The High Life?

Residents question whether high-rise condos make sense in Las Vegas.

With more than 80 condominium towers under way or planned, things are looking up in Las Vegas. But it’s a view some residents worry about. The increased density in the city—part of Mayor Oscar Goodman’s high-gear efforts to jump-start a bustling urban downtown—looks like a boon. However, critics argue that the more exclusive towers along the Strip in largely suburban Clark County are the wrong response to the area’s growth.

“We’re cautiously confident a lot of these are going to be built,” says Steve van Gorp, redevelopment manager for the city’s Office of Business Development. “It will begin to have a profound effect on the skyline.” Downtown currently comprises clusters of buildings between 10 and 40 stories tall, and plans for similarly sized residential towers with street-level retail are in keeping with city guidelines.

The largest proposed tower, a condominium-hotel named Summit, will top out at 73 stories on Las Vegas Boulevard where downtown yields to the Strip. New residential structures are sprouting rapidly in groups of three and four alongside the famous 20- and 30-story hotels and resorts on the Strip. The Valley adds roughly five percent to its population annually (making Nevada the fastest-growing state for the last 18 years). And while horizontal growth presses against the mountains in all directions—creating an urgent demand for new housing—these high-rises are not likely to meet it.

Meanwhile, the Valley’s housing costs are soaring, pricing many local residents who will service the towers out of homeownership. “What do we do for workforce housing?” architect and planner Robert Fielden asks, referring to pre-sale figures for the Strip that suggest 70 percent of the clientele will be from out of state, using the luxury condos as second and third homes. (In contrast, those figures show the same percentage of downtown units being purchased by locals.) Fielden also fears that an economic downturn will leave the valley littered with empty shells, their builders long gone. “They don’t think about the long haul,” he says, “because they’re going to sell and get out.”
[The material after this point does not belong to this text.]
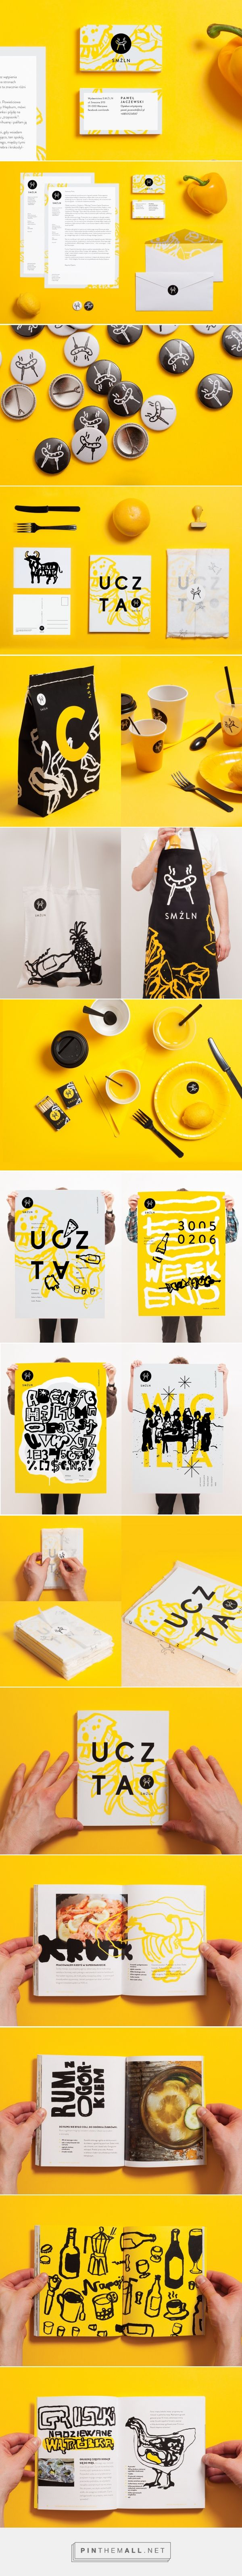 SMŻLN Culinary Publishing Company Branding by Pawel Jaczewski | Fivestar Branding Agency – Design and Branding Agency & Curated Inspiration Gallery

Former city-planning commissioner Craig Galati favors the idea of concentrating residential towers in the urban core but is concerned that many of the ones planned along the Strip will be bland, reflective boxes designed for views of the desert but not its conditions. “We have a different environment, and whatever we build here should be responsive to that,” Galati says, noting that desert-adapted design has protective westward exposure, shaded windows, and no glare-inducing glass or colors. “As we get taller that becomes more important.”
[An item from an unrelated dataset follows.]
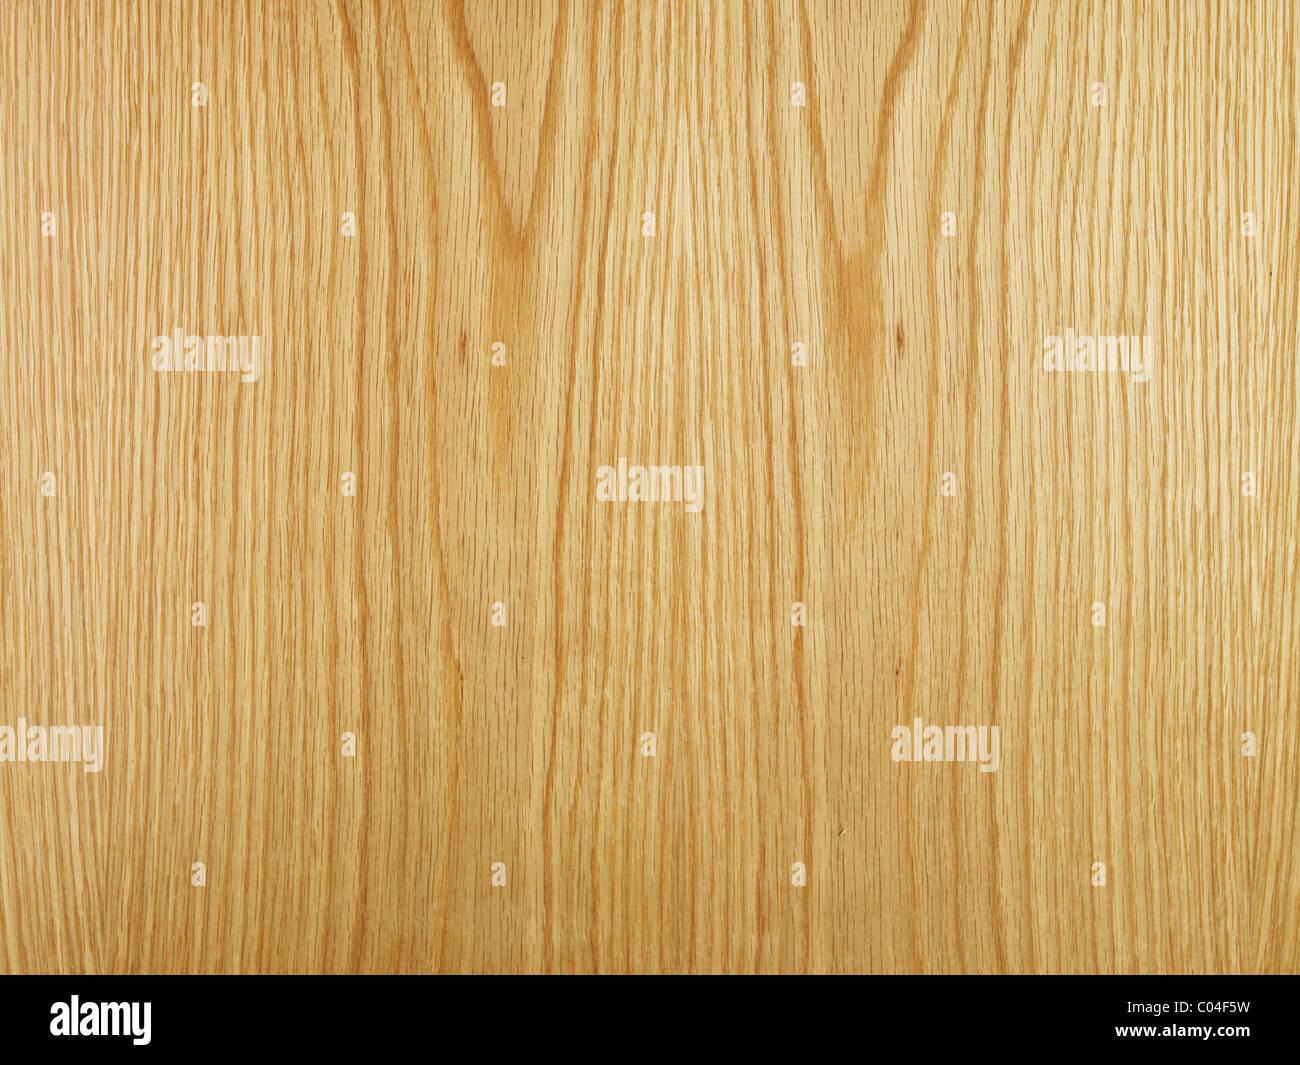 light oak wood grain table top stock photo 34520469 alamy

That Clark County hastily organized a “stakeholders group” last year to study the tower onslaught only confirms that it is playing catch-up—and that the Valley as a whole lacks the tools to guide its growth. Fielden points out that projects win approval individually, with no appreciation of cumulative impact on issues such as transportation. “These aren’t going to help our traffic problems,” he says. “They may even make it worse.” Although some new buildings, like Summit, will have street-level retail, most new residents of the Strip will have to drive elsewhere for their household needs.

“If there’s a major problem within this valley, it’s that we can’t get all the communities together,” Fielden says. “It’s that we don’t have a unified set of values or goals.”